The fact of the matter is that a film that connects is one that reflects something real on the part of the creative team, and I can't be any more specific than that. They have to be connected at some basic level to pull a string in the viewer's soul. In that sense, all films are designed to "get you going." Caring goes way beyond the "traditional sense" you speak of. I don't need or want to care about people all the time, and I think that's true of a lot of people. To call relationships the bottom line of a caring approach to narrative is pretty narrow and unreflective of what many of us want out of our varied filmgoing experiences.

JJ

Sean Penn annoys bill?!? Gee, what a shock. Yeah, cause how dare he oppose the death penalty and the Iraq War. How dare he disaree with bill, more likely.

JJ

Sigh....that was childish, irrelevant spite, was'nt it? Apologies, Glenn, for clogging up your comments with such foolishness.
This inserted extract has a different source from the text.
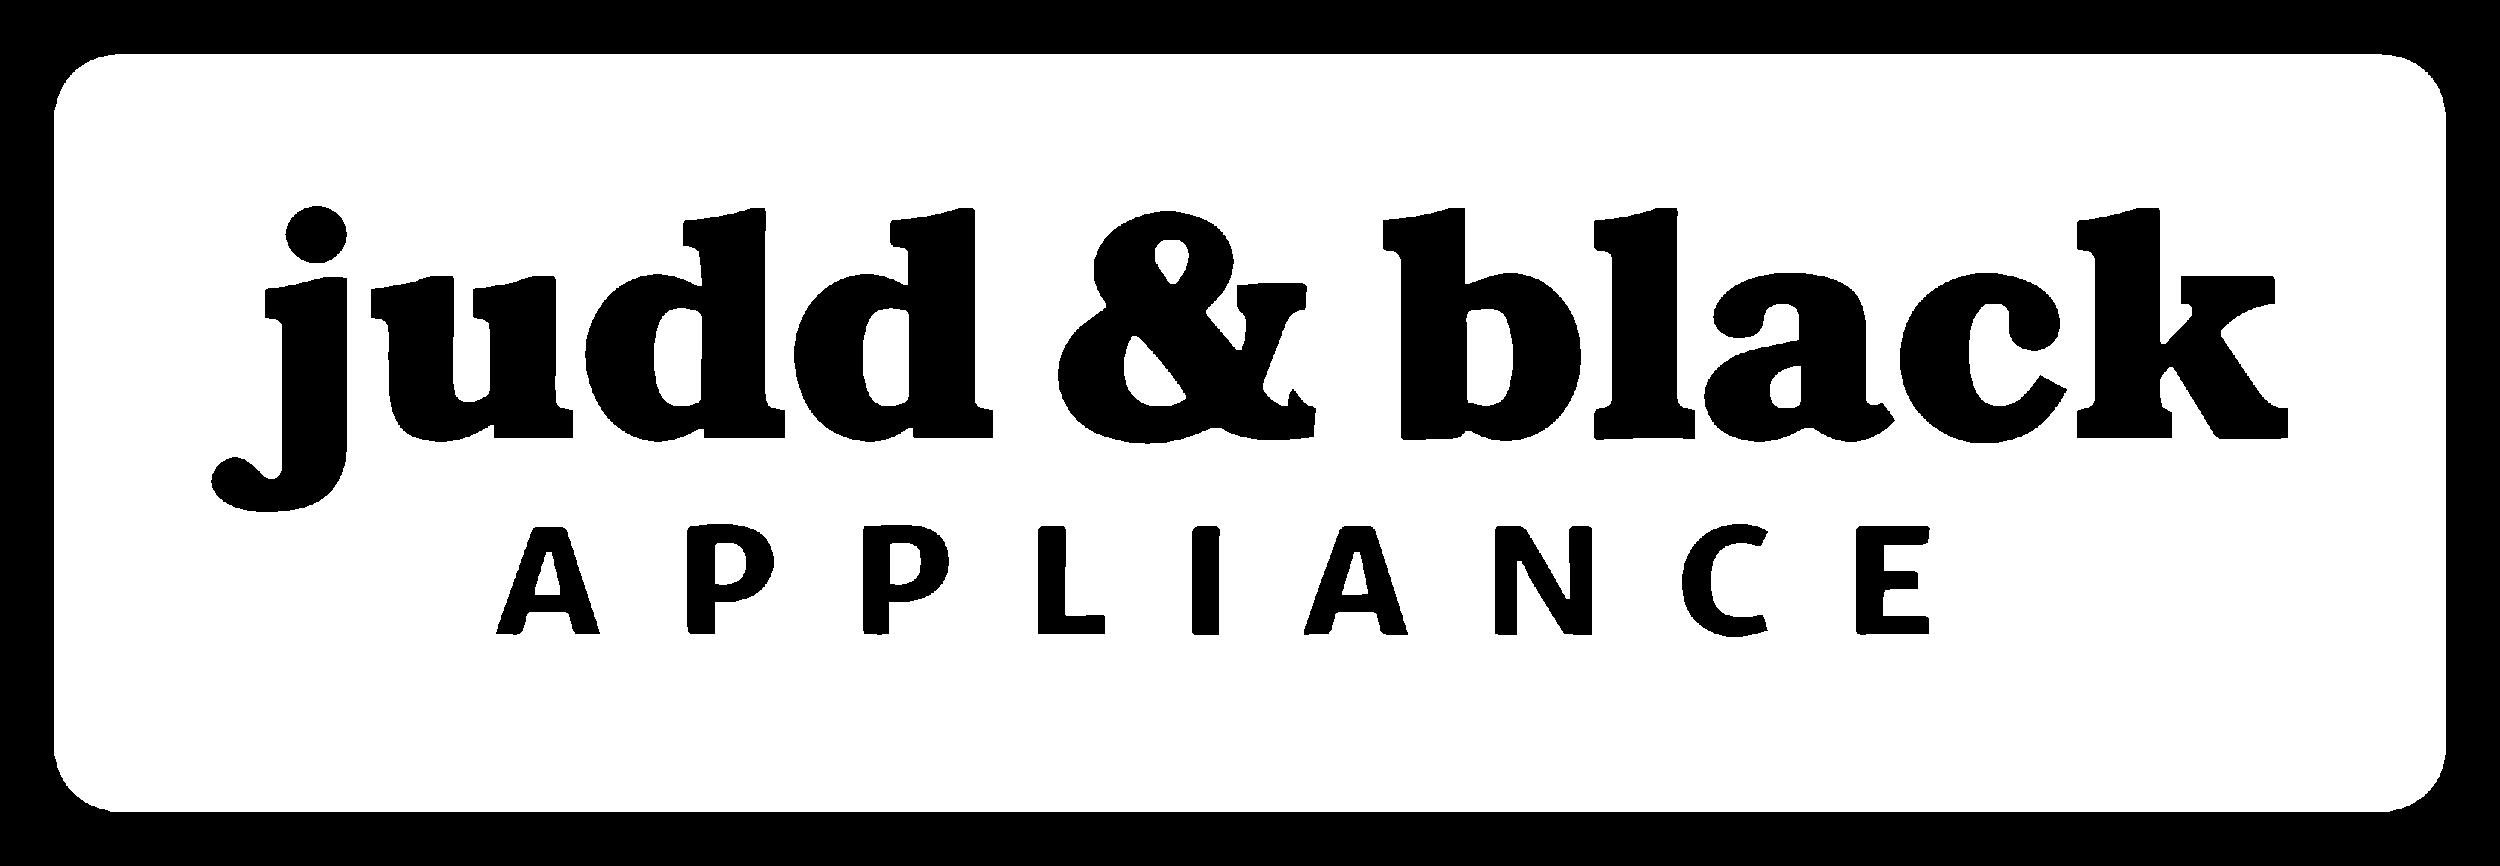 Judd and Black White logo transparent bg-01.png

Can't wait for Che, though. Looks to rival W. for biopic of the year.

John M

Ugh. I'm sorry, what do Straub/Huillet and Jean Eustache have to do with CHE, again?

Campaspe

Like novelists who play games with our desire for a coherent story, some filmmakers ("Barry Lyndon" is an excellent example--much of Melville is another) choose to withhold or play around with our desire to latch onto a character projected on a screen. I think the yearning for characters who engage our emotions is on the same primal level as our desire for narrative. So anyway, in answer to "is there a viable objective rationale for privileging one mode over another?"--no, not critically. Most audiences are always going to prefer the emotional experience to the cerebral one. To me that's no more an inherent problem than a critic who dislikes any appeals to emotion -- or stories about bourgeois people, for that matter.